Das gilt auch für kleine Signalmoleküle. z.B. Calcium
in Pflanzen wie auch Tieren. Moderne transgene Technologien ermöglichen
die Herstellung von GFP-Fusionsproteinen oder GFP Genetraps, die
Protein oder Genexpressionsmuster direkt im lebenden Embryo sichtbar
machen. Diese Technologien leiten einen schnellen Fortschritt
in der Untersuchung von Signalmechanismen ein: Der Einfluß
auf Signalvorgänge von endogenen Signalmolekülen, chemischen
exogenen Modulatoren oder von definierten endogenen Mutanten kann
direkt am lebenden Organismus "abgelesen" werden.
Diese Techniken setzen jedoch leistungsfähige konfokale Fluoreszenzmikroskope
voraus, die mit hochsensitiven Lichtdetektoren ausgerüstet
sind.
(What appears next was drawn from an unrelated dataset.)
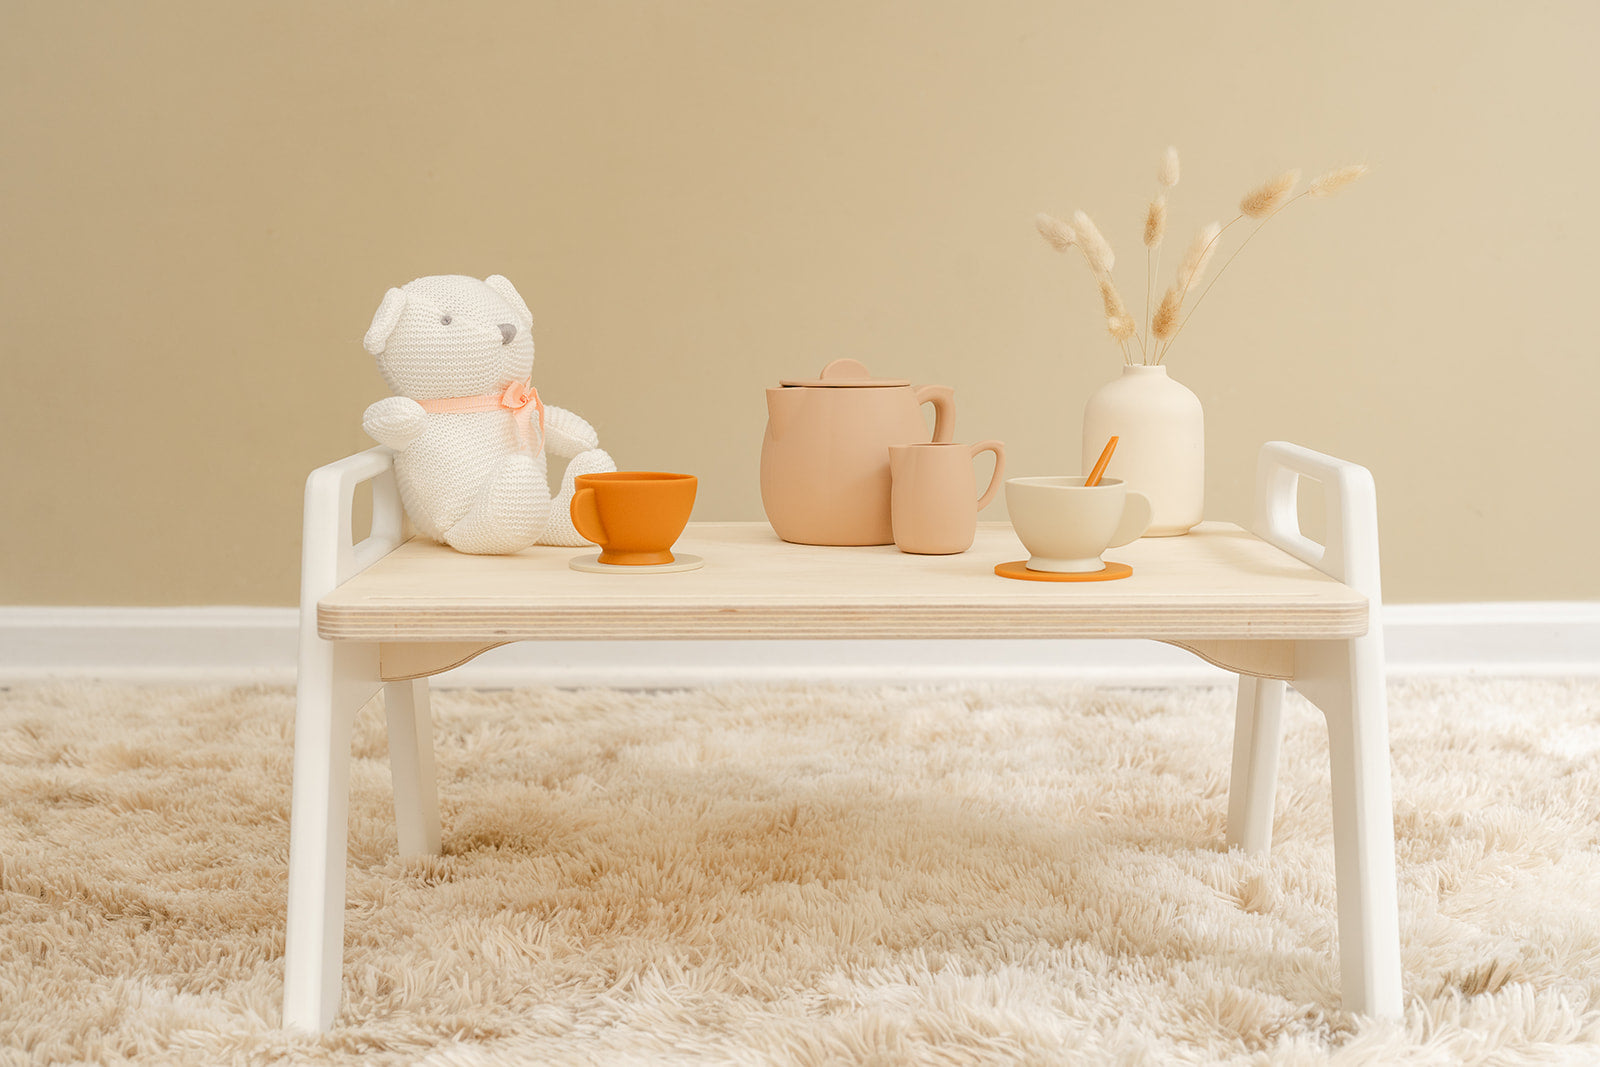 A childrens play tray with a tea set on top ready to play with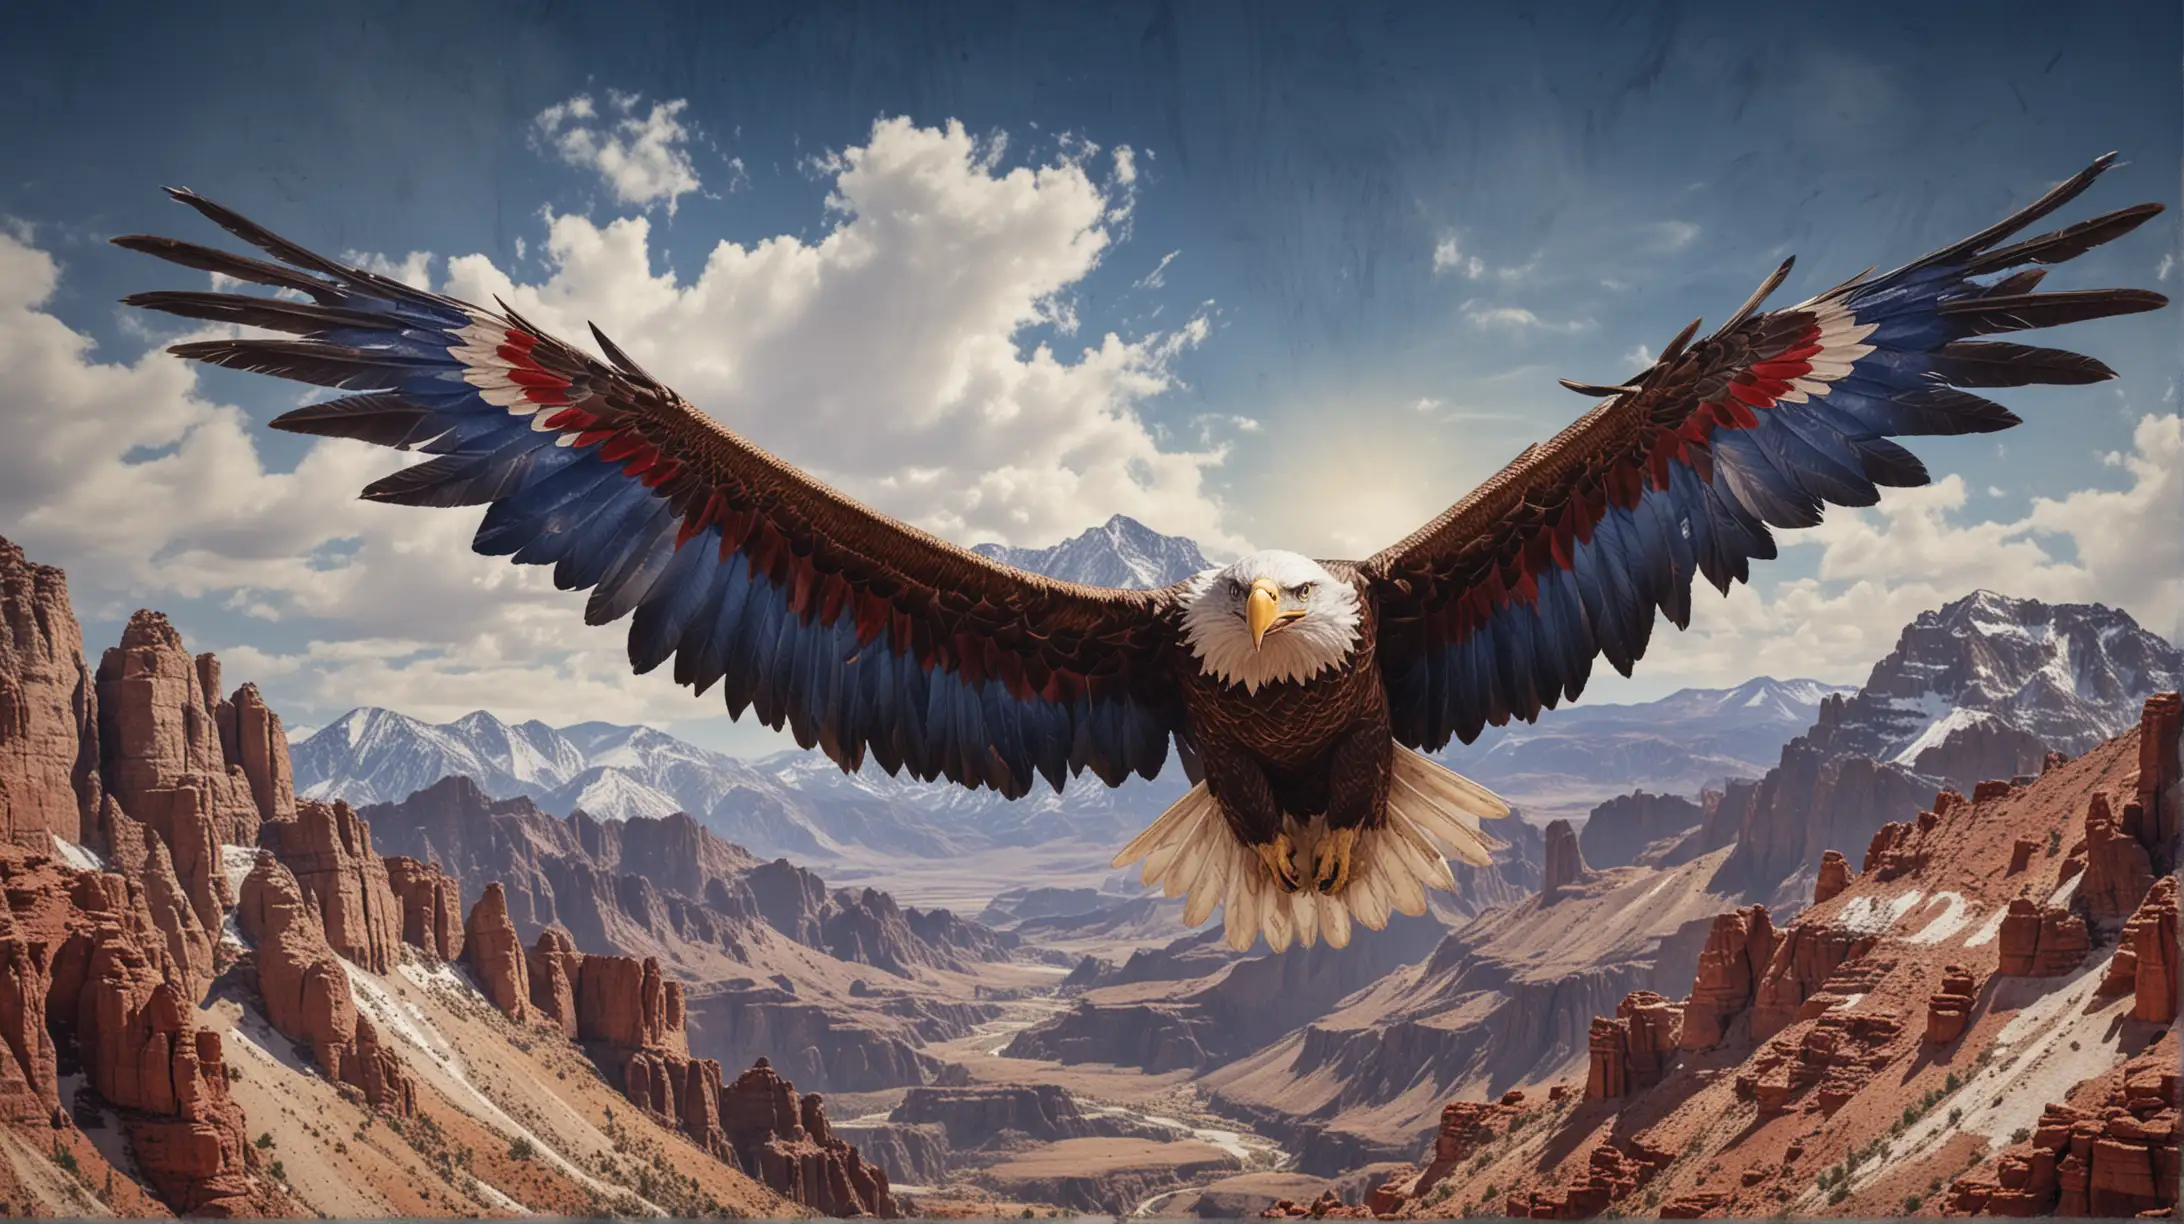 Majestic Eagle with Spread Wings against Utah Mountain Landscape

Ein aufrechtes konfokales Mikroskop steht in der Biologie
I für dieses Projekte zur Verfügung. Die Dicke der lebenden
Objekte geht jedoch meist über das optische Eindringvermögen
von konfokalen Mikroskopen hinaus (0 - 80 µm, unter optimalen
Bedingungen bis maximal 150 µm). Dagegen ist die relativ
neu entwicklte 2- und Mehrphotonentechnik in der konfokalen Laserscanmikroskopie
in der Lage, optische Abbildungen auch von dickeren Objekten (150
µm - ca. 600 µm bei sehr optisch klaren Objekten)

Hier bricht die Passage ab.